Raisingkidsandtomatoes · 08/08/2014 13:30

Dear lovely,
Nobody likes being told that one is being duped, it makes us feel like idiots. And yet, I was in exactly this situation with a man from a former East block country and I also put all the niggling doubts down to cultural differences. I married him after dating 2 yrs and I soon learned that I wasn't the centre of his universe. Just like family and friends had been telling me to my face!
Then I got pregnant and decided to give him a chance to be a better dad than husband. I divorced him 3 yrs later.
I thought I'd be better off rebuilding my confidence. 8 yrs later I met a lovely man I felt an immediate bond with (yes, huge red flags) and we literally ticked all the boxes of an emotional abusive relationship. Might not sound as dramatic as dv, but it grinds you down slowly and robs you of your identity.
Anyway, 3 months (!!!) into the relationship we bought a house together (I know, I know, but this really happened, I kid you not) because:

A) dh2 was renting a poky flat after exw "fleeced" him and practically all his money was going to ex to pay cm, private schools, many many extras/ guilt money (he'd had an affair because exw no longer wanted sex with him) and he felt his kids deserved to visit him in a proper home (my large flat wasn't convenient enough),
B) his poor kids had never experienced a "proper" family because the mean exw neglected her kids (worked ft, like him, and also wanted a career, like him...). And I was such a great mum to ds.
C) as dh, who I married after a yr of living together, didn't have much money, I paid for 75% approx. of home. We split all bills although his kids were spending a lot of time with us, especially being fed dinners during week. But when his pay increased dramatically I only found out by accident over a year later (!) and had to be v persuasive to make him pay at last the same ratio of his salary as I was.

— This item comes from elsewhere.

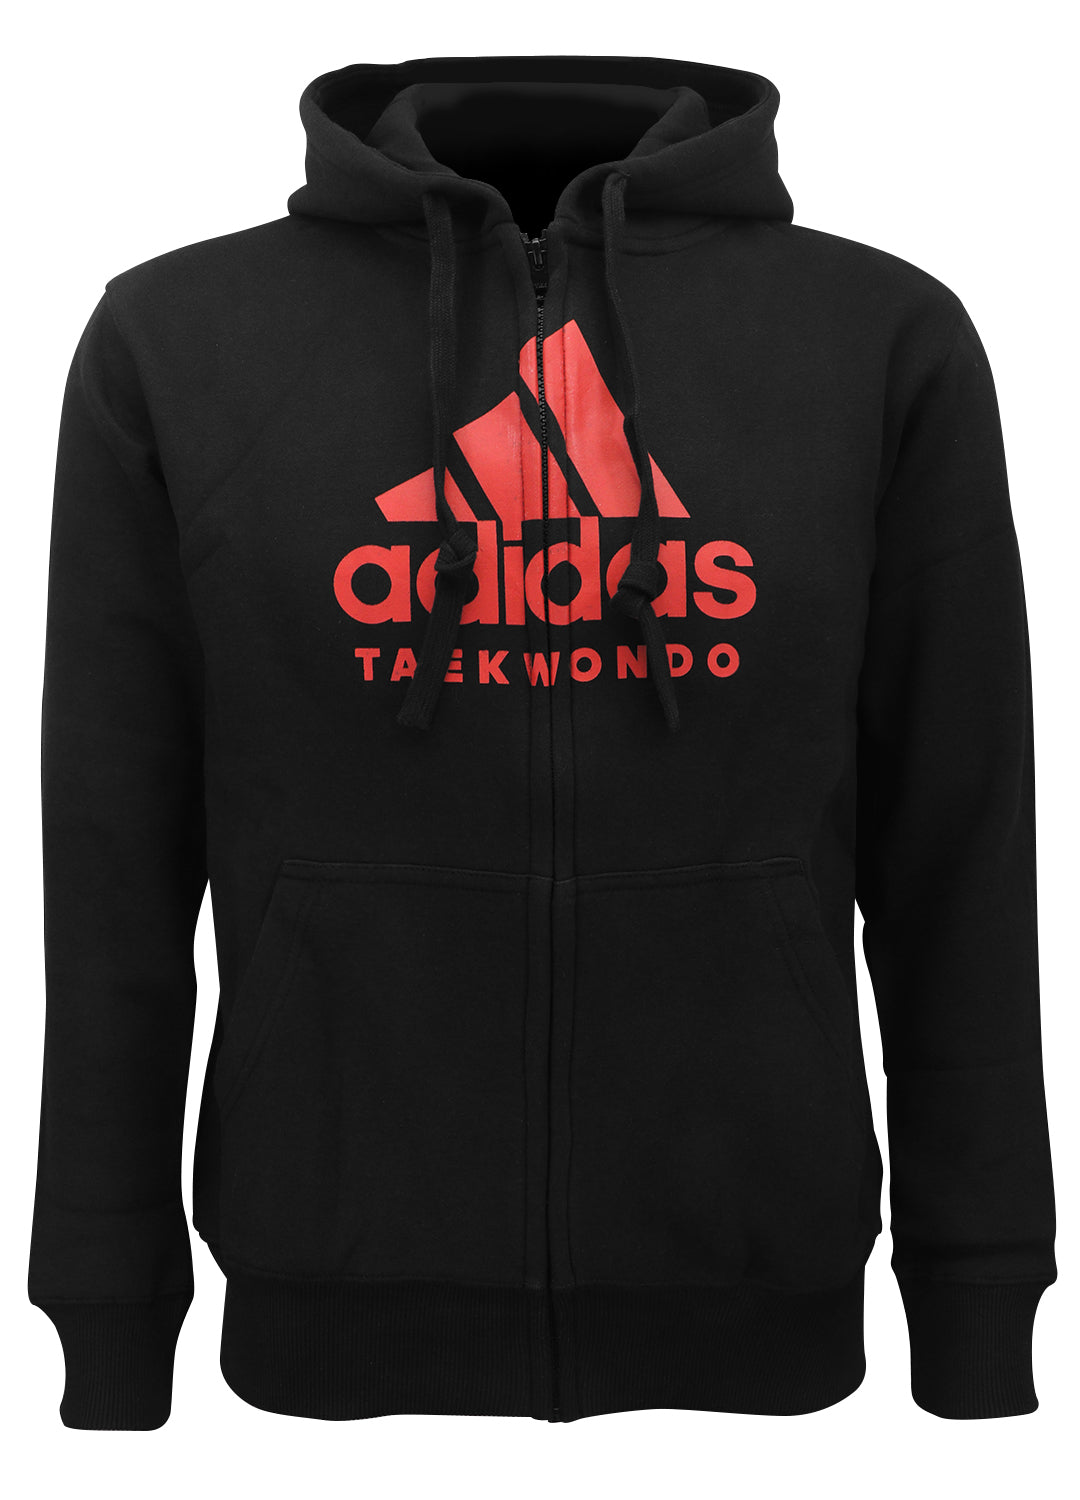 fokus Addiction bund Adidas Taekwondo full zip Hoodie – All American Martial Arts Supply

And still, all the time, I felt I was with a man so much better than dh1...
After a lot of drama with ex and kids, I insisted on couple counseling, as I was quite obviously the last person in the "family" to warrant any respect and consideration. After 18 months of counseling not much has changed. Next yr we'll be married 5 years. Not a day goes by when I don't regret our match, think of ways of extricating myself, only to be pulled back in again and lie in the bed I made...
Lovely, do you really want my life???